* _Task instructions_:
Set the material down again exactly, line by line, skipping each picture.

* _Data section_:
· · · ·

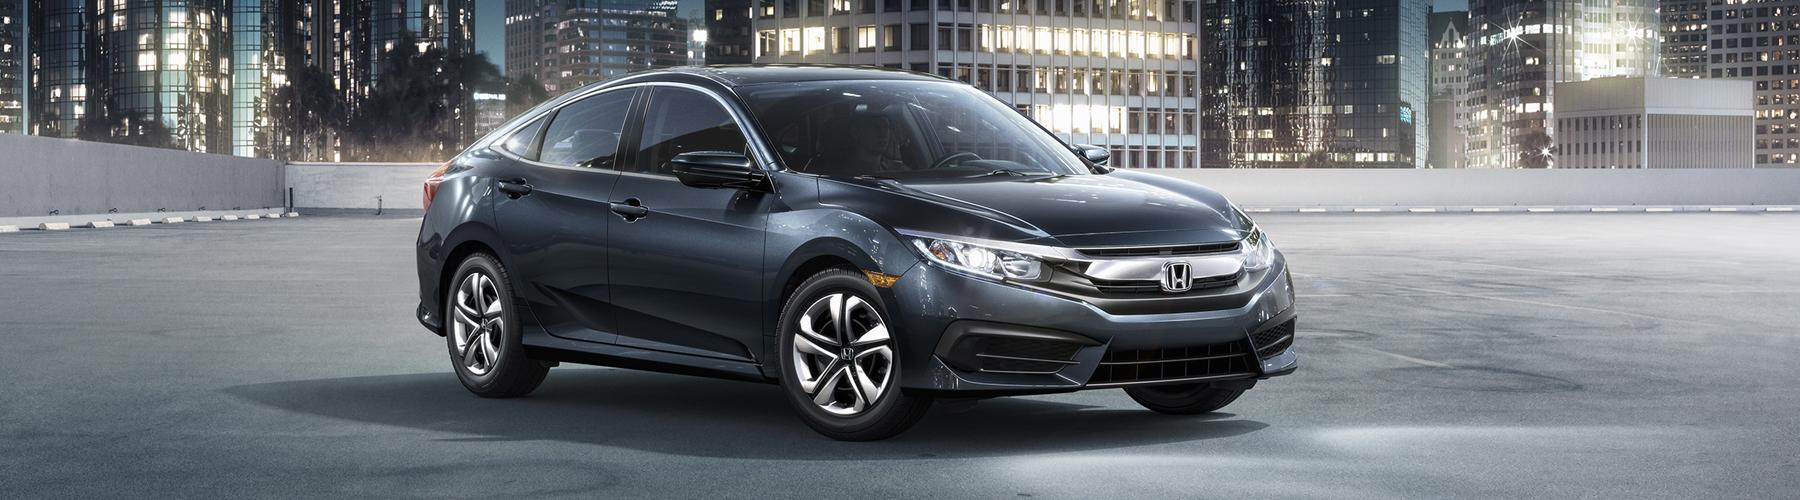 2016 Honda Civic Sedan Metro Milwaukee Honda Dealers
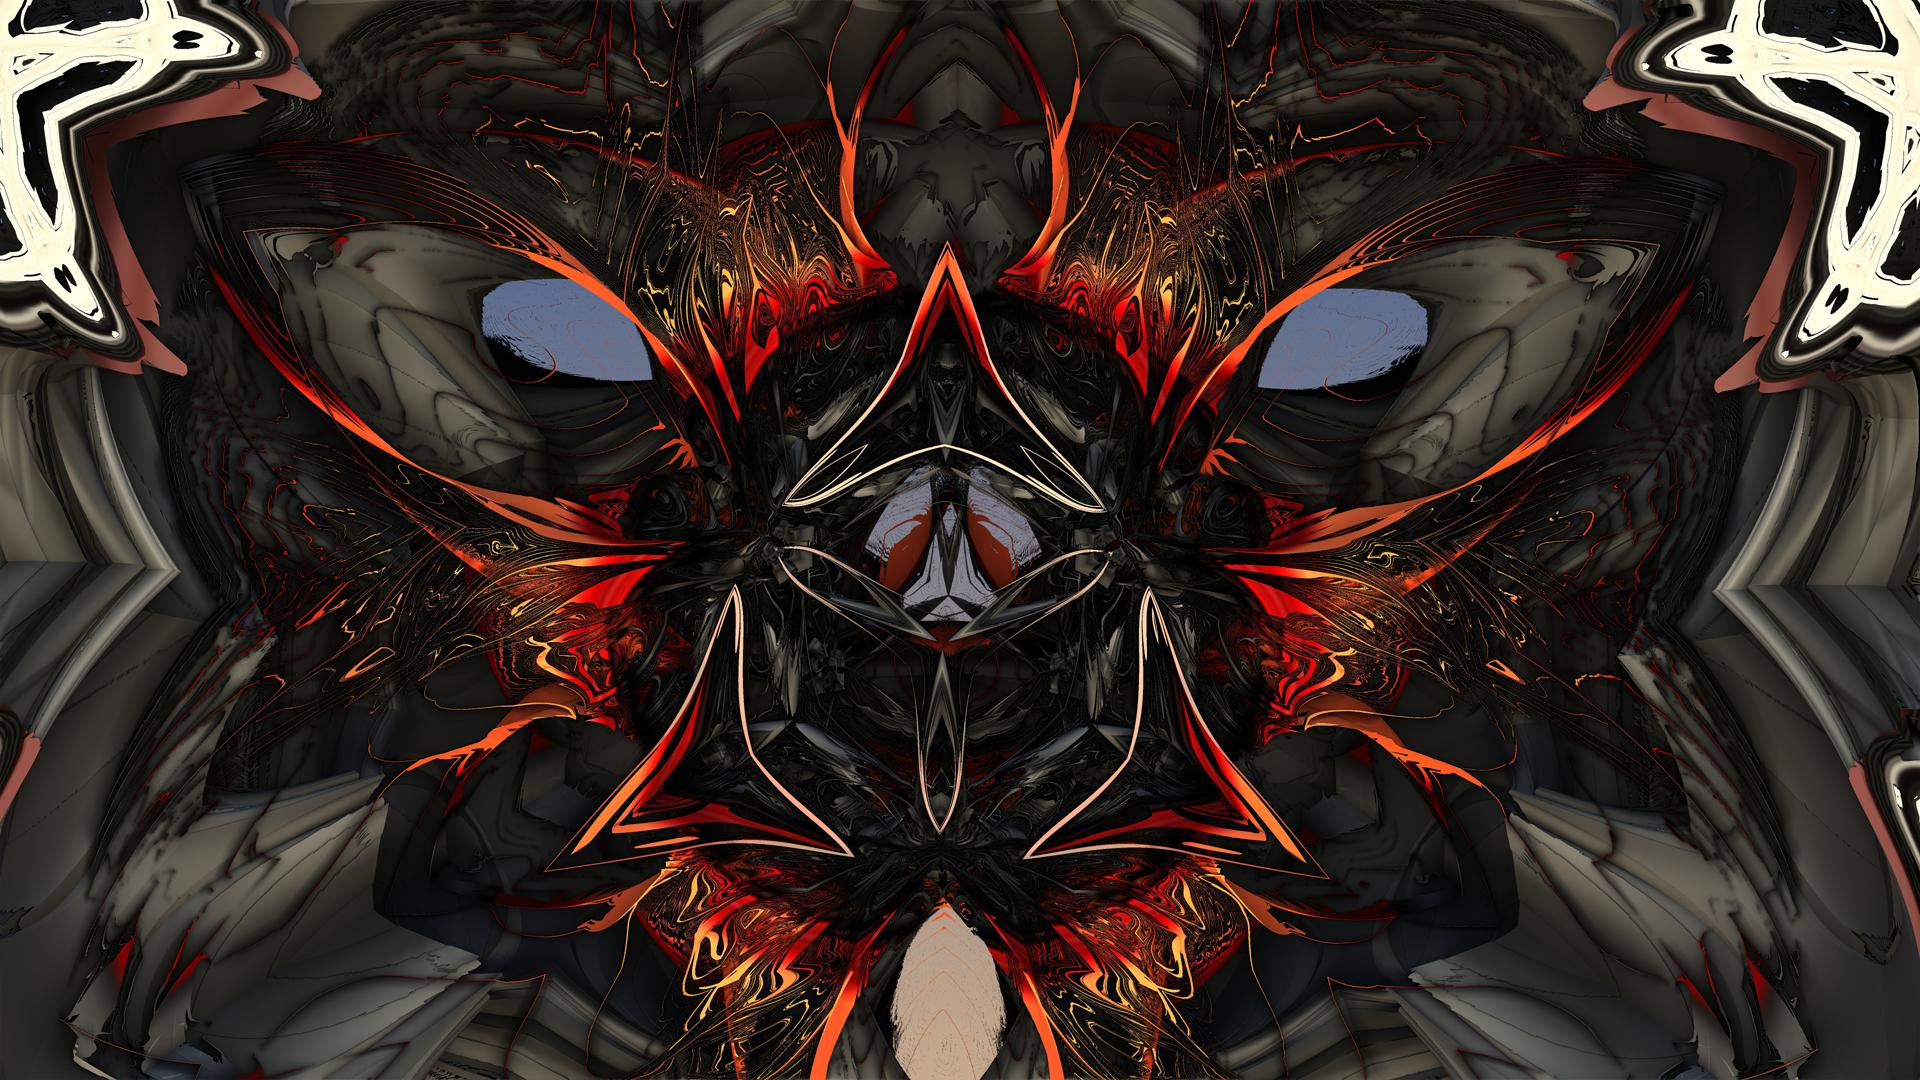 MB3D Fireemblem by viperv6
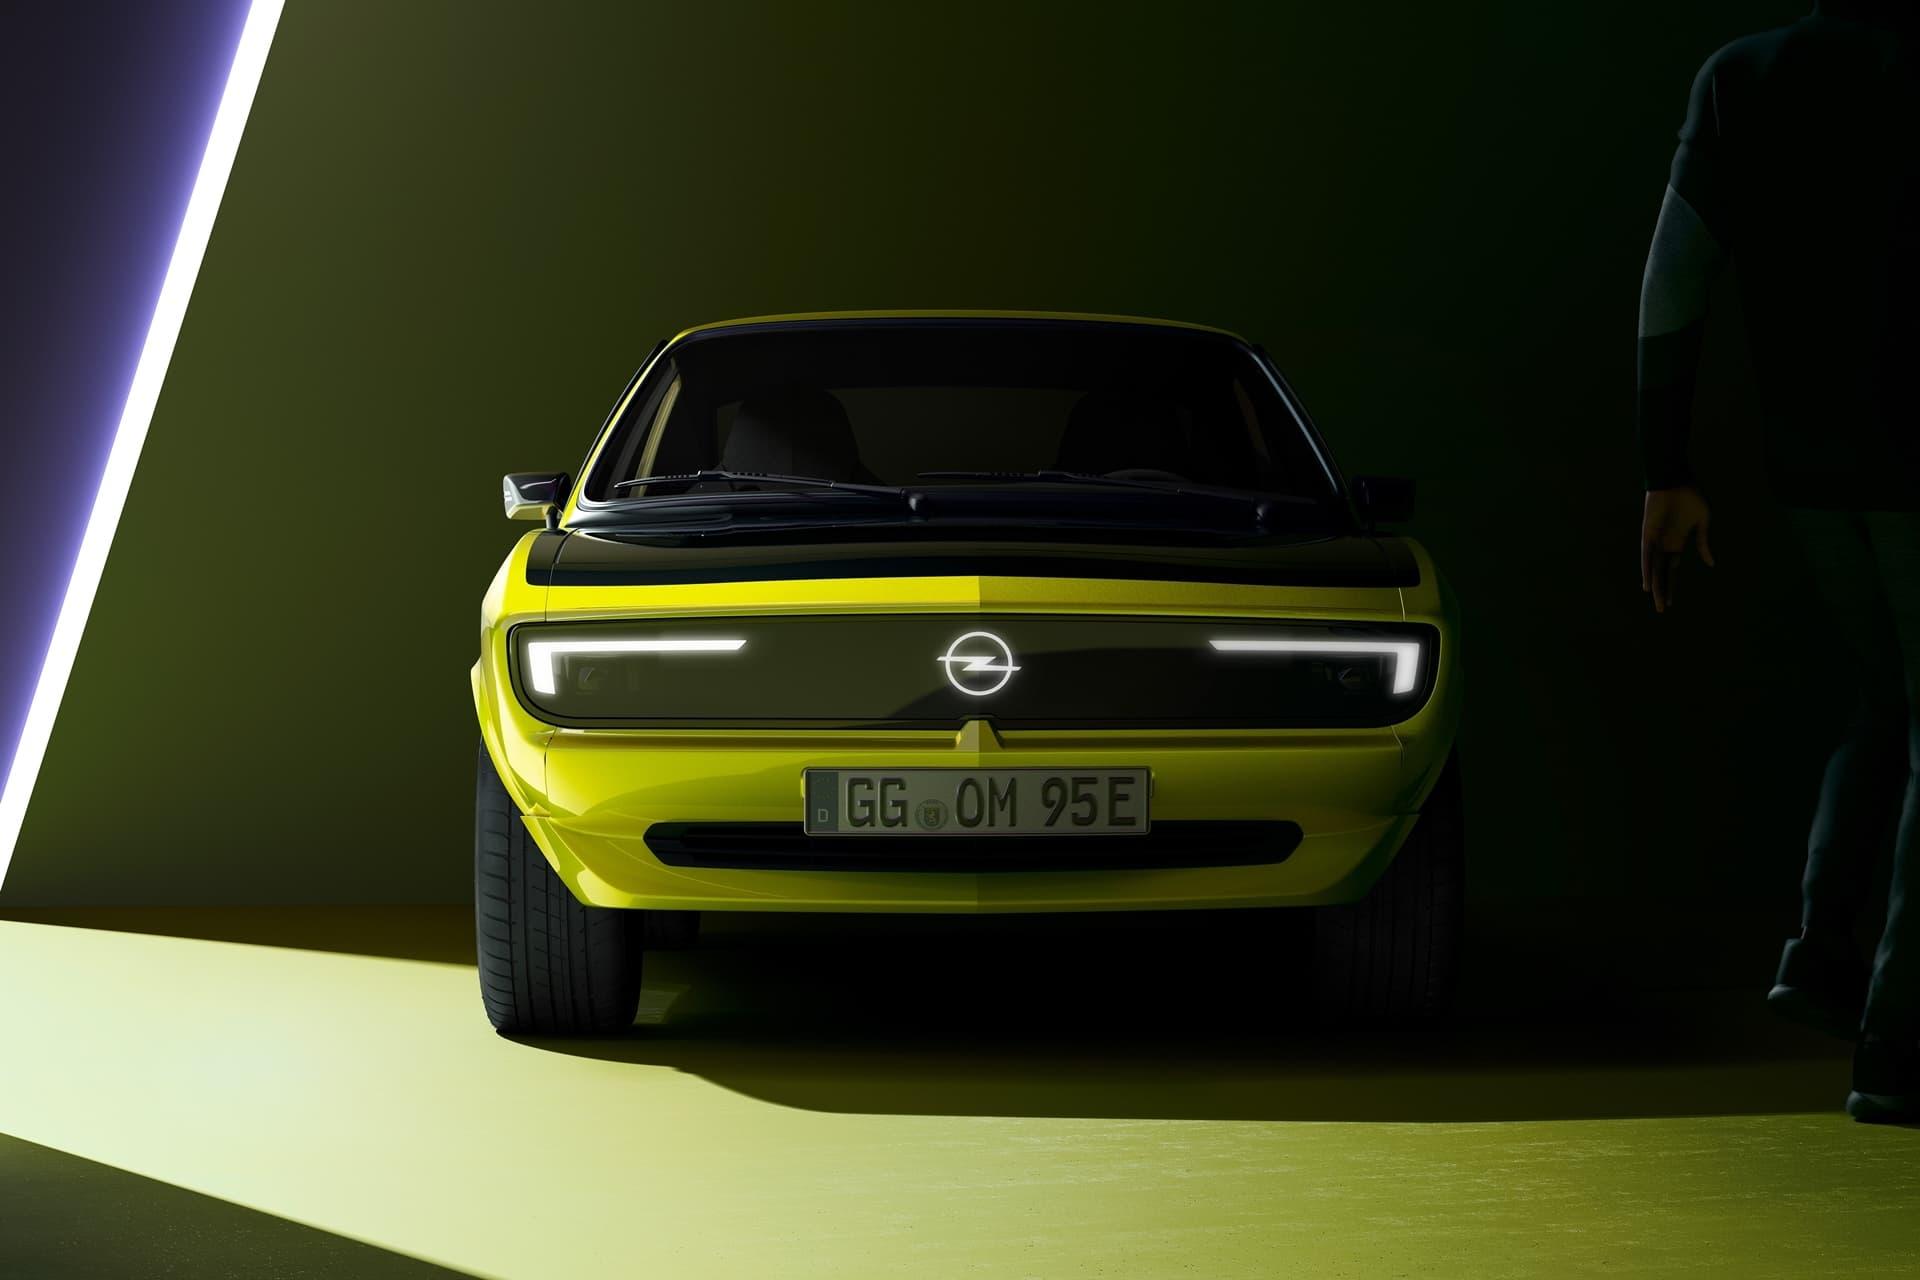 Opel Manta Gse 2021 0421 004

· · · ·

* _Reply to the exercise_:
 2016 Honda Civic Sedan Metro Milwaukee Honda Dealers
 MB3D Fireemblem by viperv6
 Opel Manta Gse 2021 0421 004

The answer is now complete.